Application.Run<ExampleWindow> ();

System.Console.WriteLine ($"Username: {((ExampleWindow)Application.Top).usernameText.Text}");

// Before the application exits, reset Terminal.Gui for clean shutdown
Application.Shutdown ();

// Defines a top-level window with border and title
public class ExampleWindow : Window {
	public TextField usernameText;
	
	public ExampleWindow ()
	{
		Title = "Example App (Ctrl+Q to quit)";

		// Create input components and labels
		var usernameLabel = new Label () { 
			Text = "Username:" 
		};

		usernameText = new TextField ("") {
			// Position text field adjacent to the label
			X = Pos.Right (usernameLabel) + 1,

			// Fill remaining horizontal space
			Width = Dim.Fill (),
		};

		var passwordLabel = new Label () {
			Text = "Password:",
			X = Pos.Left (usernameLabel),
			Y = Pos.Bottom (usernameLabel) + 1
		};

		var passwordText = new TextField ("") {
			Secret = true,
			// align with the text box above
			X = Pos.Left (usernameText),
			Y = Pos.Top (passwordLabel),
			Width = Dim.Fill (),
		};

		// Create login button
		var btnLogin = new Button () {
			Text = "Login",
			Y = Pos.Bottom(passwordLabel) + 1,
			// center the login button horizontally
			X = Pos.Center (),
			IsDefault = true,
		};

		// When login button is clicked display a message popup
		btnLogin.Clicked += () => {
			if (usernameText.Text == "admin" && passwordText.Text == "password") {
				MessageBox.Query ("Logging In", "Login Successful", "Ok");
				Application.RequestStop ();
			} else {
				MessageBox.ErrorQuery ("Logging In", "Incorrect username or password", "Ok");
			}
		};

		// Add the views to the Window
		Add (usernameLabel, usernameText, passwordLabel, passwordText, btnLogin);
	}
}

When run the application looks as follows:

Simple Usage app

Sample application running

Installing

Use NuGet to install the Terminal.Gui NuGet package: https://www.nuget.org/packages/Terminal.Gui

Installation in .NET Core Projects

To install Terminal.Gui into a .NET Core project, use the dotnet CLI tool with this command.

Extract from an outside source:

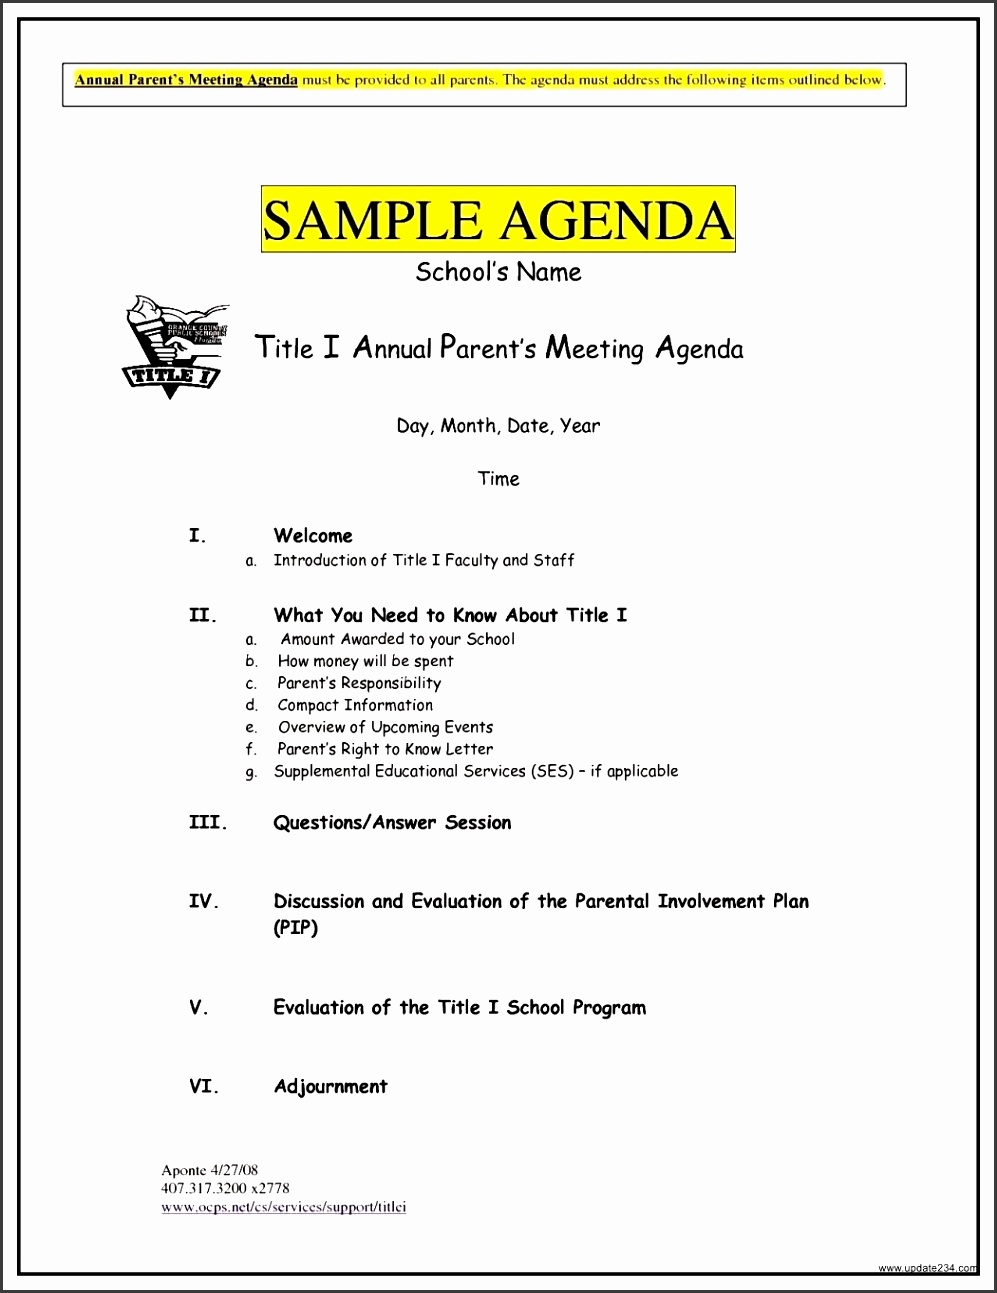 Meeting Agenda Template Word Ms fice Templates Microsoft Format Free Agenda an image part of

dotnet add package Terminal.Gui

Or, you can use the Terminal.Gui.Templates.

Building the Library and Running the Examples

  • Windows, Mac, and Linux - Build and run using the .NET SDK command line tools (dotnet build in the root directory). Run UICatalog with dotnet run --project UICatalog.
  • Windows - Open Terminal.sln with Visual Studio 2022.

See CONTRIBUTING.md for instructions for downloading and forking the source.

Contributing

See CONTRIBUTING.md.

Debates on architecture and design can be found in Issues tagged with design.

History

See gui-cs for how this project came to be.